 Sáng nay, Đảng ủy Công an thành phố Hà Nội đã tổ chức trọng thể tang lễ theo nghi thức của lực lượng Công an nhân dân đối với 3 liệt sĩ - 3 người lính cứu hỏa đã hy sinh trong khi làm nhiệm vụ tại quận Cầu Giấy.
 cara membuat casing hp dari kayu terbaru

* * *

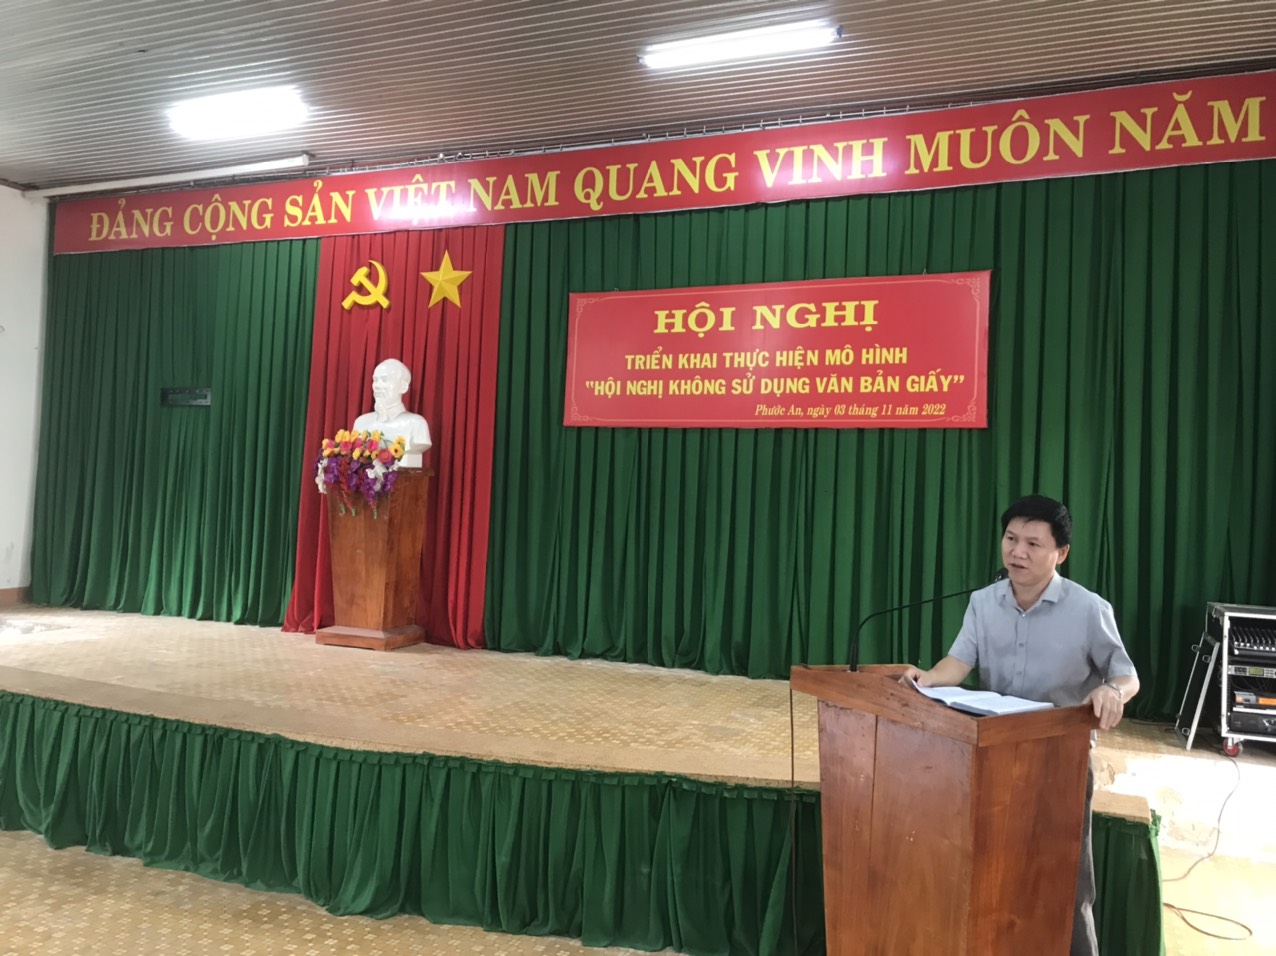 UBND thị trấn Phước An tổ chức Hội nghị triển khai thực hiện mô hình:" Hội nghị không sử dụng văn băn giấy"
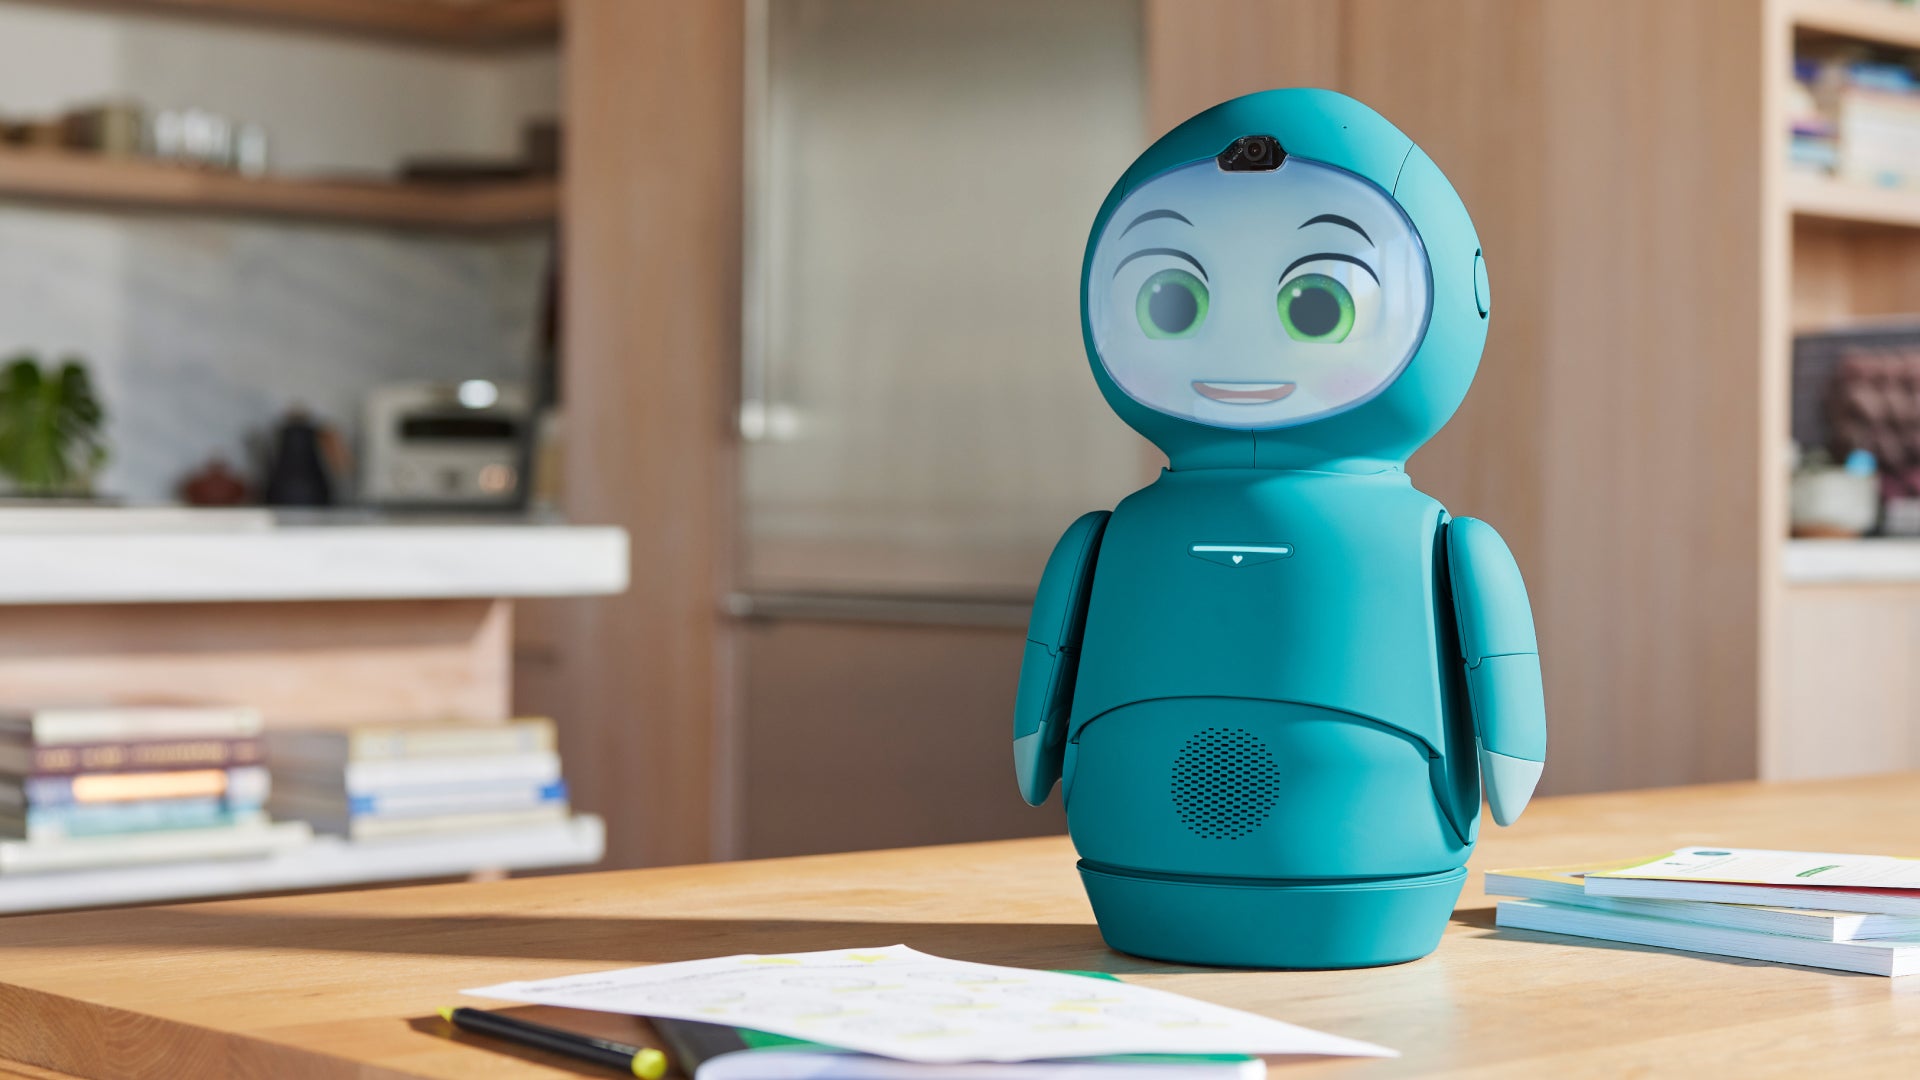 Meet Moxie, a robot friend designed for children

> **Prompt**
The reply should hold only the lines of the listing above starting at the line containing "Sáng nay, Đảng" and ending at the line containing "cara membuat casing hp dari kayu terbaru", exactly as written.

> **Answer to the problem**
 Sáng nay, Đảng ủy Công an thành phố Hà Nội đã tổ chức trọng thể tang lễ theo nghi thức của lực lượng Công an nhân dân đối với 3 liệt sĩ - 3 người lính cứu hỏa đã hy sinh trong khi làm nhiệm vụ tại quận Cầu Giấy.
 cara membuat casing hp dari kayu terbaru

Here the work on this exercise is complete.